You do not need to engage in a gang mentality. If you do you only hurt yourself. You need to know that bullies are cowards. If you need to have a police escort to classes do so.
But do not despair.
 

BigAk

Junior Member
:salam2:

Waseem is a beautiful name. It means Handsome.. :) When I grew up and was your age my best friend's name was Waseem. He was my best friend from the 8th grade up to the 12th. He was extremely smart that I could not even reach his level and was a bit jealous to be honest... haha... Thinking back and now, I feel I was silly to be jealous of him. I wish I could run into him now.. He graduated with honors from high school that enabled him to go to medical school. Waseem was the first in our class and I was a tagging second.
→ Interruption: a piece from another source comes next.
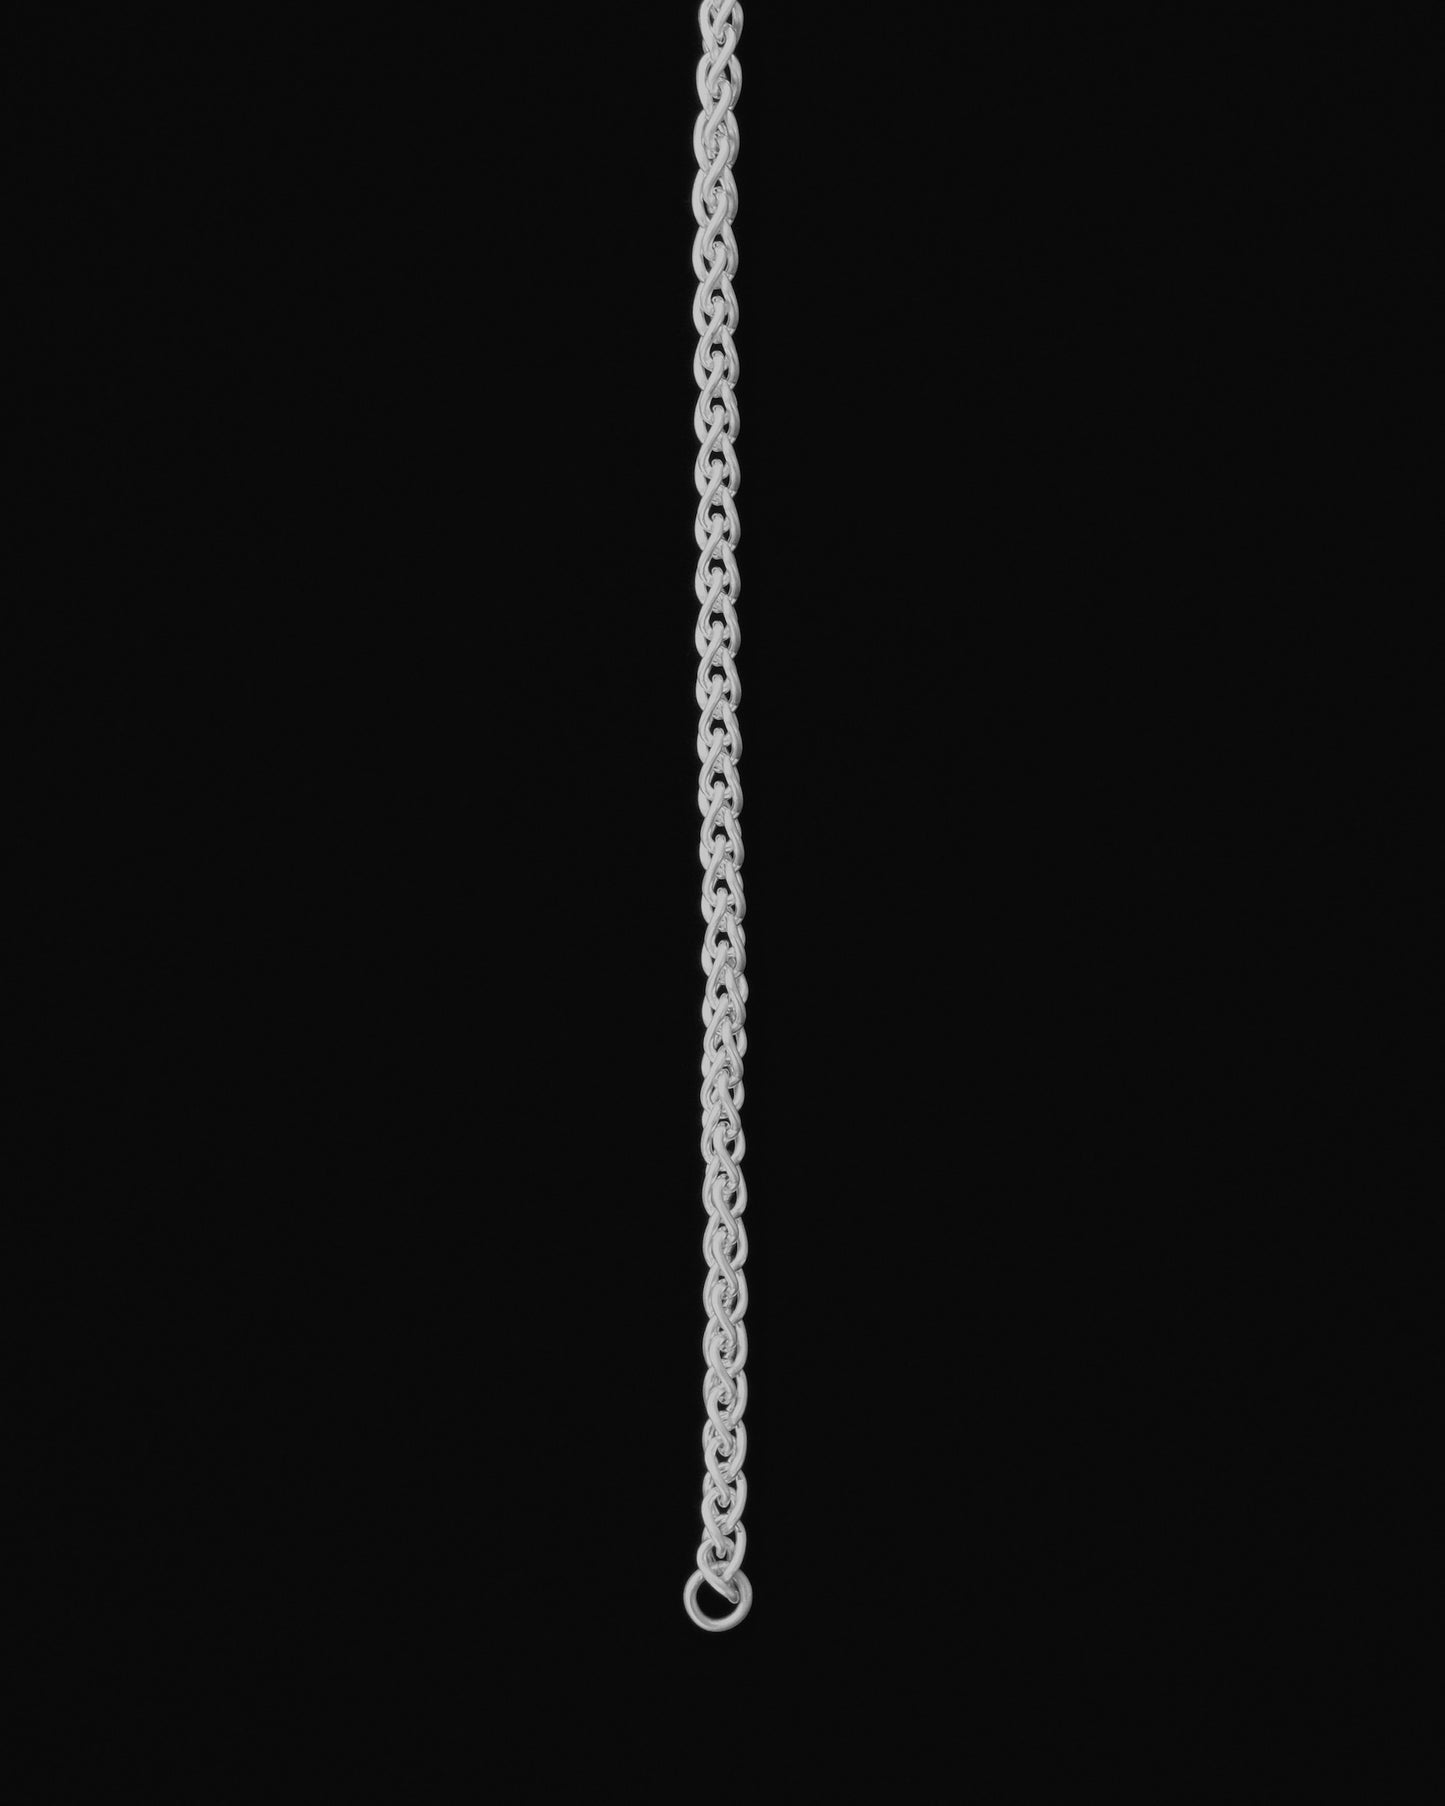 Tiana Marie Combes Riding Chain Bracelet in Sterling Silver.

I loved my friend.

Living in an arab country, there was no such thing as bullying. I've only heard of such a thing here in the US.

Waseem. Instead of relying on your brothers' muscles, why don't you attack with intellect. Next time they harrass you, why don't you say something extremely intelligent that will make them stop and scratch their heads instead??
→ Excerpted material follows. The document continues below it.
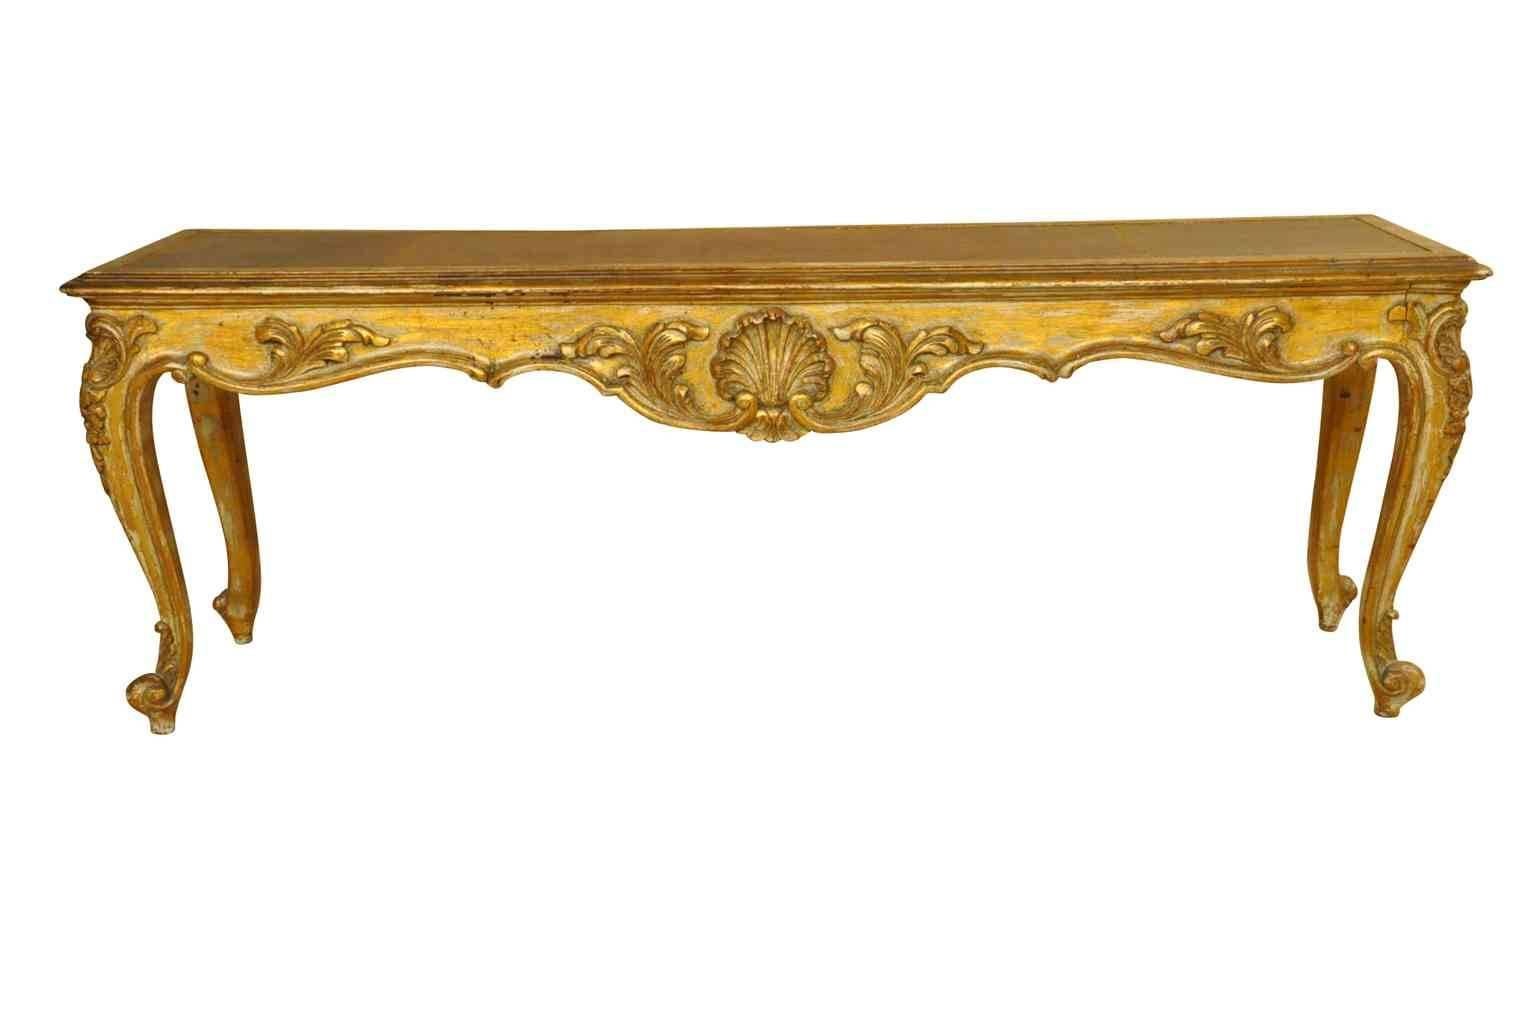 Spanish Louis XV style bench banquette handsomely constructed in giltwood with leather seat insets. A lovely accessory, perfect at the foot of a bed.

It's all about human psychology.. See... They will pick on you because they sense that it buggs you to death.. Reverse your feelings on them. Although you're burning inside, pretend that you're not bothered a bit and come back with a challenge to diffuse the situation. Here's an example:

Bully Kid: hey man... so you speak aaaraaab.. tell me.."Shemes sharot kho"..hahaha

Waseem: Oh no man.. You're saying it all wrong.. Check it out... Here's how you should say it.. try it with me ... Listen.. (and you say it)

Bully Kid: Whatever man....

Waseem (with a smile): Hey man... At least I can speak two languages.. How many can you speak bro?? Here.. Can you roll your R's ??? Try it... Bet you can't... Hahahah..

Bully Kid.. Walks away confused as to why you're not upset...

Waseem (with a laugh): Hey bro... Where you going?? Okay.. How about spanish... You know spanish??

You get the picture Waseem?? I guess what I'm trying to say is use psychology to reverse and diffuse the situation.

Also, hit the gym... Start squatting and benching and eat like a horse.. At your age, you are loaded with testosterone and you'll be surprised how much muscle you can put on.. Half of the battle is appearance.. once you look a bit bigger, bullys would steer off your way and leave you alone. Believe me I know.. I'm a bodybuilder myself.

May Allah be with you. :D
 

palestine

Servant of Allah
hey i like BigAk's advice. i was in need of that too. see i go to thise program called "peer mediation". i didn't think i would learn anything there. but i actually learned alot. it teaches us how to reconcile between two people and how we should solve the problem if we are the ones in the situation. i had anger issues, only when i get upset of course. but now i'm thinking in my heart that i will be able to control it. with the hadith of the Prophet s.a.w and with this program together i can do lots for myself and the world. alhamdulillah. BigAk i love your advice. and guess what waseem i'm jealous of you man, you speak arabic and i have been trying to learn for the past two years. ugh. man i can understand when reading and writing but i cannot even have a conversation. isn't that silly. you're 12 years of age and you speak like an adult. you've got a good head on your shoulders. really i believe you will help change the world for the better. do not give up akhi. asalamu alaykum wrwb.